Your task is to copy every entry exactly.

════════════════

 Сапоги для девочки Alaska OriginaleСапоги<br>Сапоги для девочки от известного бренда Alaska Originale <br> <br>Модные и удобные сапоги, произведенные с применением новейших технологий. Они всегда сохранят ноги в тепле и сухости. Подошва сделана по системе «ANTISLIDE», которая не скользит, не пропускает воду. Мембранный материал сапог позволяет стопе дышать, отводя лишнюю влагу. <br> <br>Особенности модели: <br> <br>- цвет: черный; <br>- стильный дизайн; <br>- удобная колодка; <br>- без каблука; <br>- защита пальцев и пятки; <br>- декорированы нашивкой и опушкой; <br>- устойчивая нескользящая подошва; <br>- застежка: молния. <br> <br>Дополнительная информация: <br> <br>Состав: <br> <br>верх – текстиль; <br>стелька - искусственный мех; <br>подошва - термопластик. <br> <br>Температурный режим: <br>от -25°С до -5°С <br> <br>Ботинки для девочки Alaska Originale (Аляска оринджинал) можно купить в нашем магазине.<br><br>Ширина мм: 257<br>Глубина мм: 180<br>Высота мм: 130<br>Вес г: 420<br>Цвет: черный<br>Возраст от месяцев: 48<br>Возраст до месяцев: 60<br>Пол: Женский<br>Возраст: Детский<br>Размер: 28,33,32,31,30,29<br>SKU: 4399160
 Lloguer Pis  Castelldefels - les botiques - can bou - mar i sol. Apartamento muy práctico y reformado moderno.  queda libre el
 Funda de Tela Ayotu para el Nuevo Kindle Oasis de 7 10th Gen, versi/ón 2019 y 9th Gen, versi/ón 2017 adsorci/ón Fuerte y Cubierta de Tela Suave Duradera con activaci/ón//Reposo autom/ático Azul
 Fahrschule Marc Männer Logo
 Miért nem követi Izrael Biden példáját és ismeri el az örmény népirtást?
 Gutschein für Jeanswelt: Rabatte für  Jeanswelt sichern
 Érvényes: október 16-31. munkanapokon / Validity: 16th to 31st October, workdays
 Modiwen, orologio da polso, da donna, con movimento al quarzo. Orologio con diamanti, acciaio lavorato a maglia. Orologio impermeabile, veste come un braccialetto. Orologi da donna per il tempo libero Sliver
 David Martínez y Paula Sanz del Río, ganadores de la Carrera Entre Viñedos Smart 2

════════════════

## PROBLEM SOLUTION
 Сапоги для девочки Alaska OriginaleСапоги<br>Сапоги для девочки от известного бренда Alaska Originale <br> <br>Модные и удобные сапоги, произведенные с применением новейших технологий. Они всегда сохранят ноги в тепле и сухости. Подошва сделана по системе «ANTISLIDE», которая не скользит, не пропускает воду. Мембранный материал сапог позволяет стопе дышать, отводя лишнюю влагу. <br> <br>Особенности модели: <br> <br>- цвет: черный; <br>- стильный дизайн; <br>- удобная колодка; <br>- без каблука; <br>- защита пальцев и пятки; <br>- декорированы нашивкой и опушкой; <br>- устойчивая нескользящая подошва; <br>- застежка: молния. <br> <br>Дополнительная информация: <br> <br>Состав: <br> <br>верх – текстиль; <br>стелька - искусственный мех; <br>подошва - термопластик. <br> <br>Температурный режим: <br>от -25°С до -5°С <br> <br>Ботинки для девочки Alaska Originale (Аляска оринджинал) можно купить в нашем магазине.<br><br>Ширина мм: 257<br>Глубина мм: 180<br>Высота мм: 130<br>Вес г: 420<br>Цвет: черный<br>Возраст от месяцев: 48<br>Возраст до месяцев: 60<br>Пол: Женский<br>Возраст: Детский<br>Размер: 28,33,32,31,30,29<br>SKU: 4399160
 Lloguer Pis  Castelldefels - les botiques - can bou - mar i sol. Apartamento muy práctico y reformado moderno.  queda libre el
 Funda de Tela Ayotu para el Nuevo Kindle Oasis de 7 10th Gen, versi/ón 2019 y 9th Gen, versi/ón 2017 adsorci/ón Fuerte y Cubierta de Tela Suave Duradera con activaci/ón//Reposo autom/ático Azul
 Fahrschule Marc Männer Logo
 Miért nem követi Izrael Biden példáját és ismeri el az örmény népirtást?
 Gutschein für Jeanswelt: Rabatte für  Jeanswelt sichern
 Érvényes: október 16-31. munkanapokon / Validity: 16th to 31st October, workdays
 Modiwen, orologio da polso, da donna, con movimento al quarzo. Orologio con diamanti, acciaio lavorato a maglia. Orologio impermeabile, veste come un braccialetto. Orologi da donna per il tempo libero Sliver
 David Martínez y Paula Sanz del Río, ganadores de la Carrera Entre Viñedos Smart 2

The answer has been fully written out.